Could you print the listing again exactly, omitting the pictures?

Input data:
[Start of section]

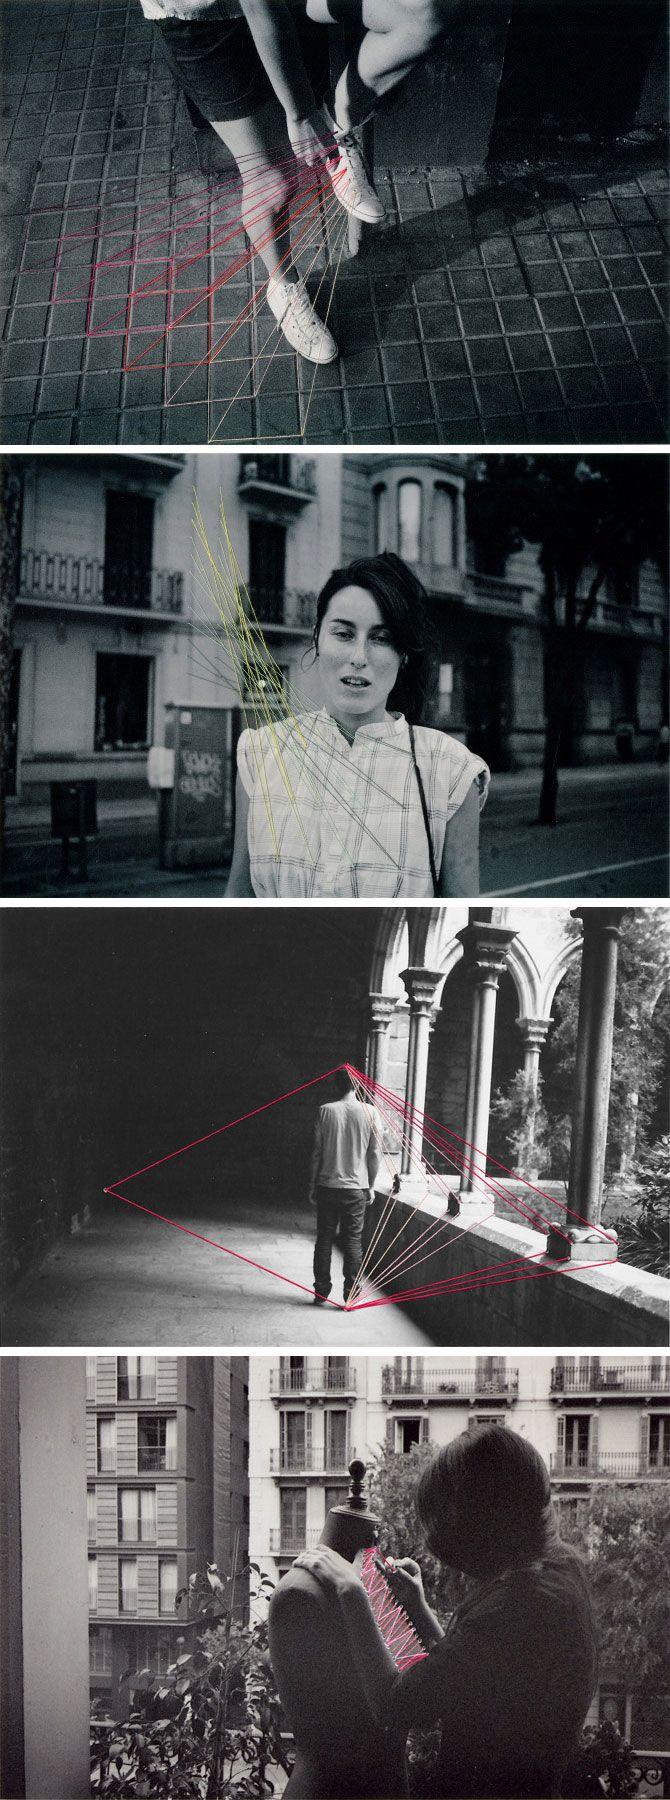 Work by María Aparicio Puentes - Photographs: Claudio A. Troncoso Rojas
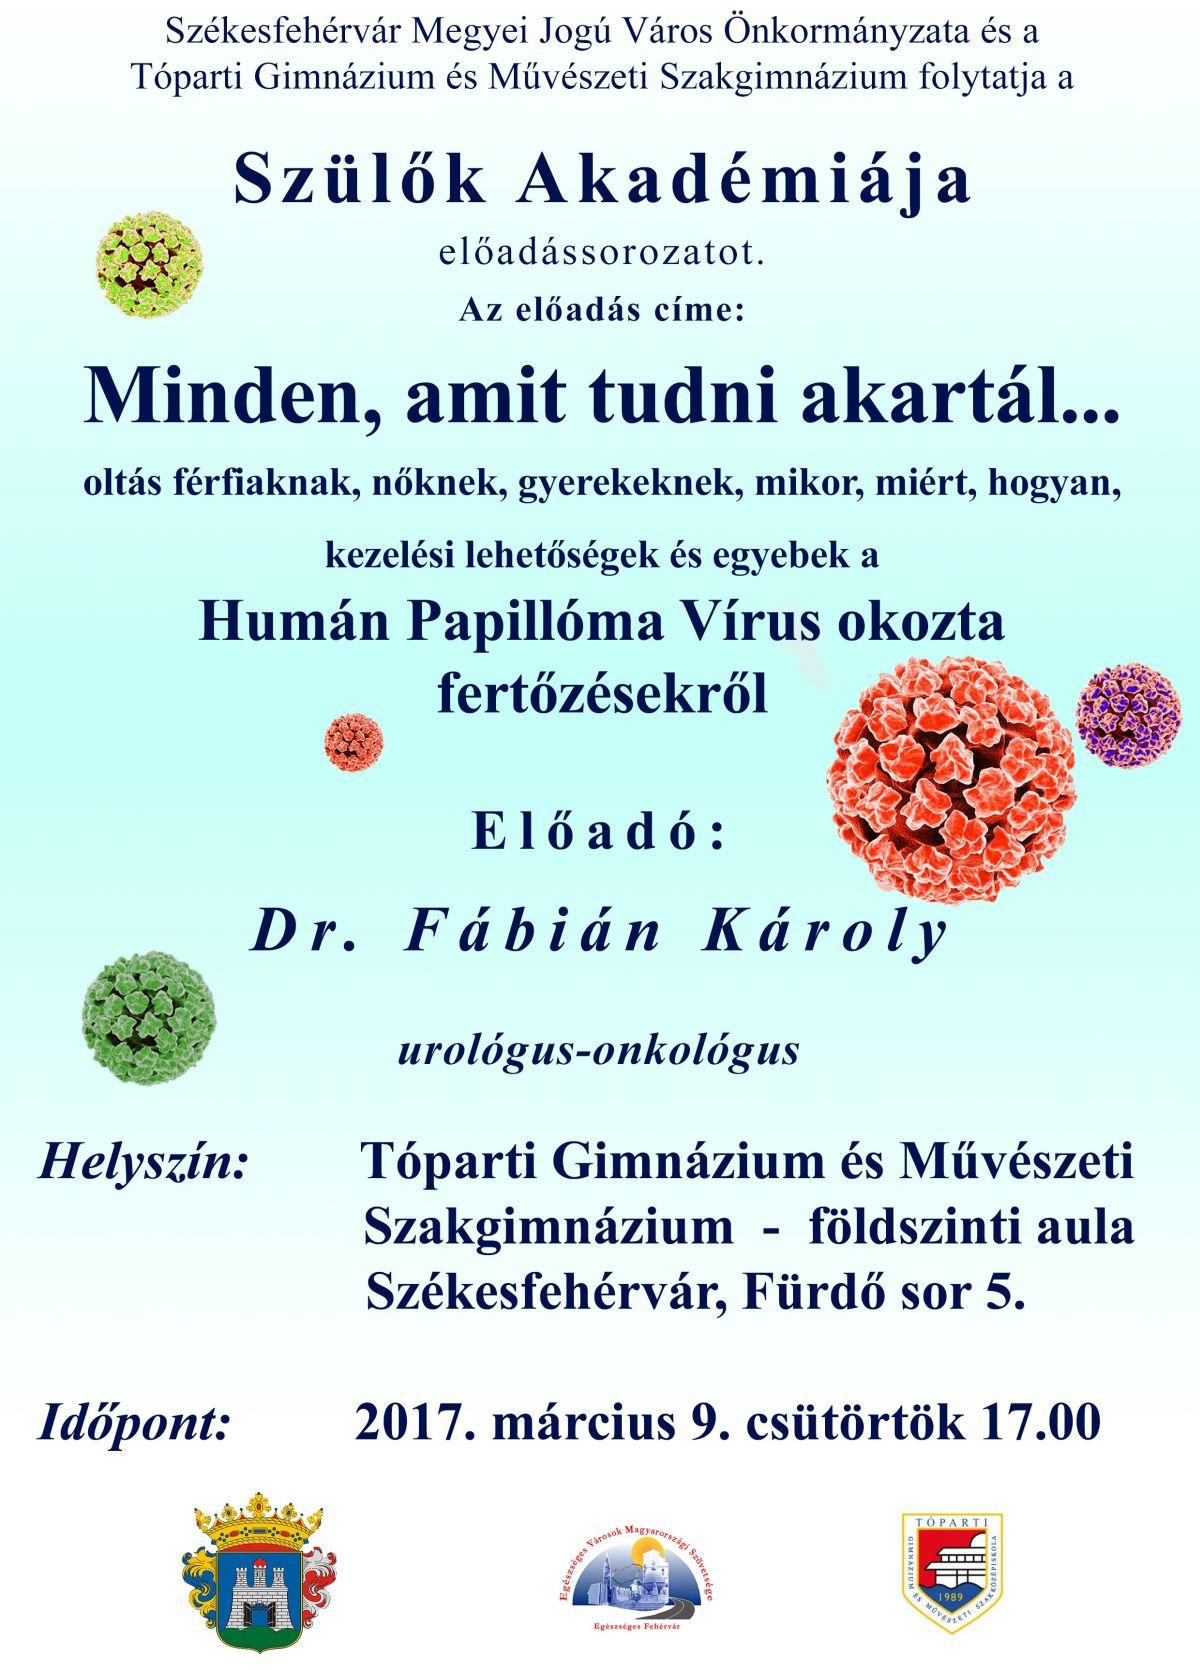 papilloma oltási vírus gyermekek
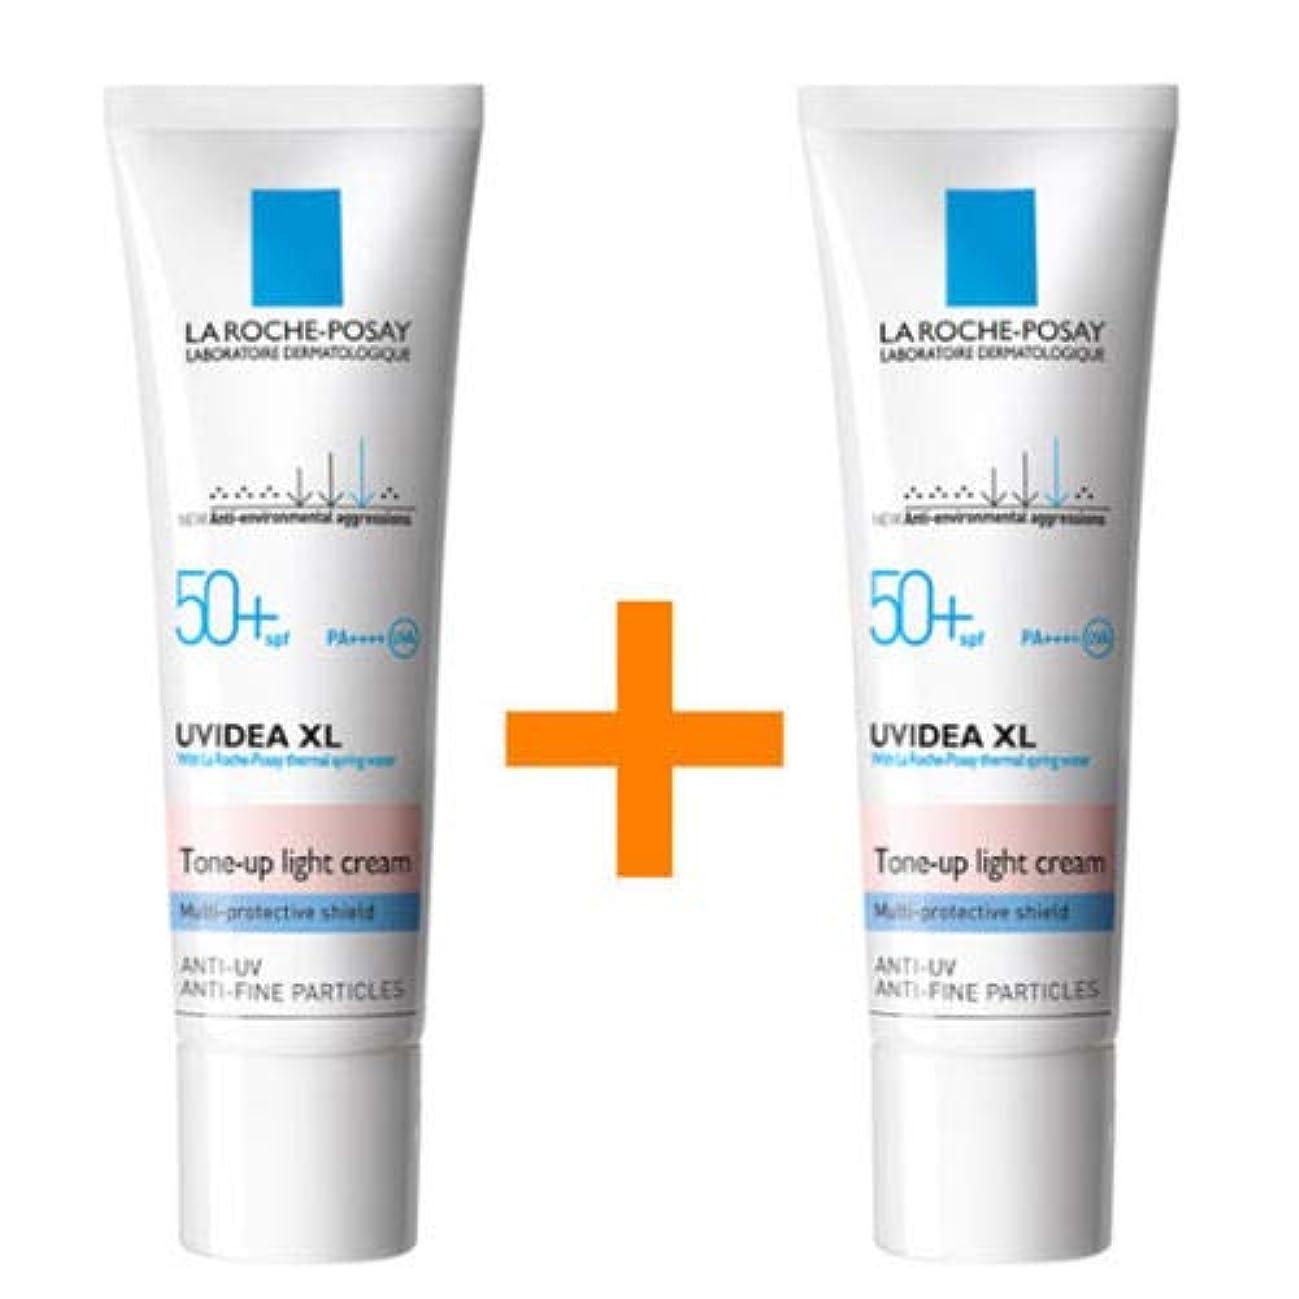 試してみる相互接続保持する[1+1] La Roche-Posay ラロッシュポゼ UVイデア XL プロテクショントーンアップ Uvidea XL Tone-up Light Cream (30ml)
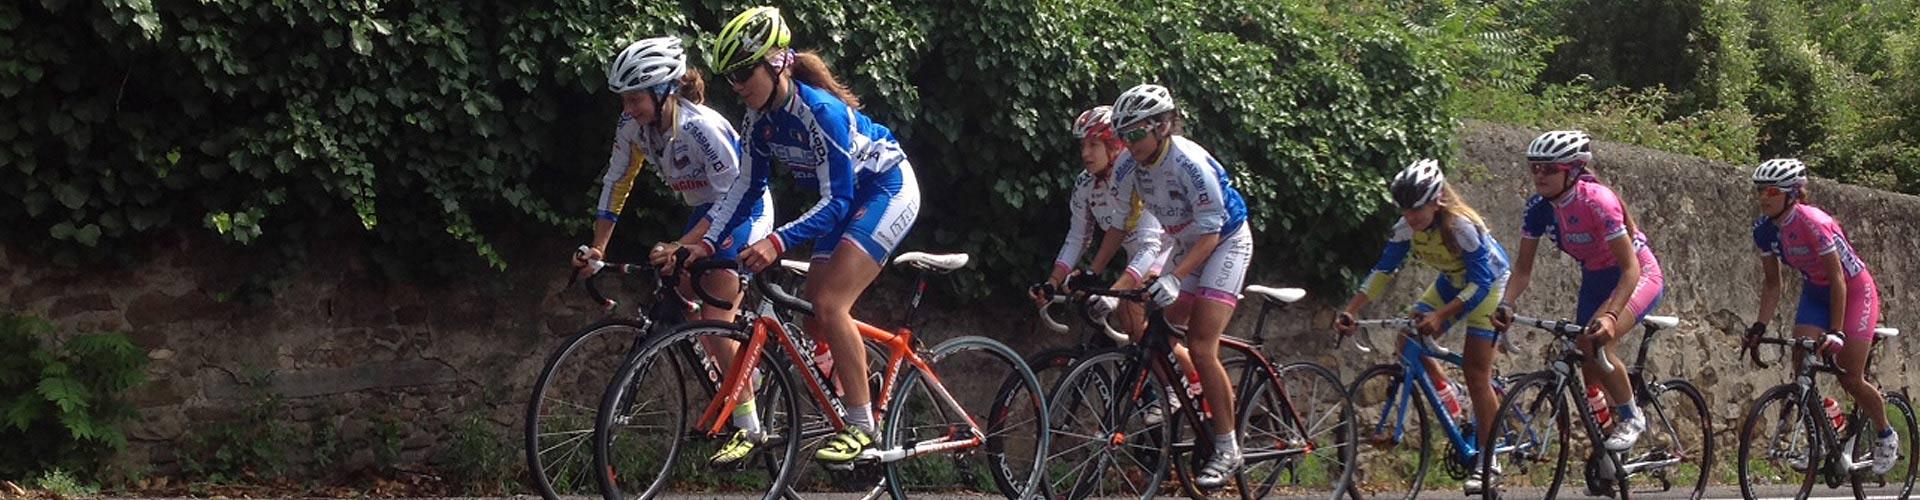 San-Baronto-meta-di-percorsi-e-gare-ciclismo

[End of section]

Your response:
 Work by María Aparicio Puentes - Photographs: Claudio A. Troncoso Rojas
 papilloma oltási vírus gyermekek
 試してみる相互接続保持する[1+1] La Roche-Posay ラロッシュポゼ UVイデア XL プロテクショントーンアップ Uvidea XL Tone-up Light Cream (30ml)
 San-Baronto-meta-di-percorsi-e-gare-ciclismo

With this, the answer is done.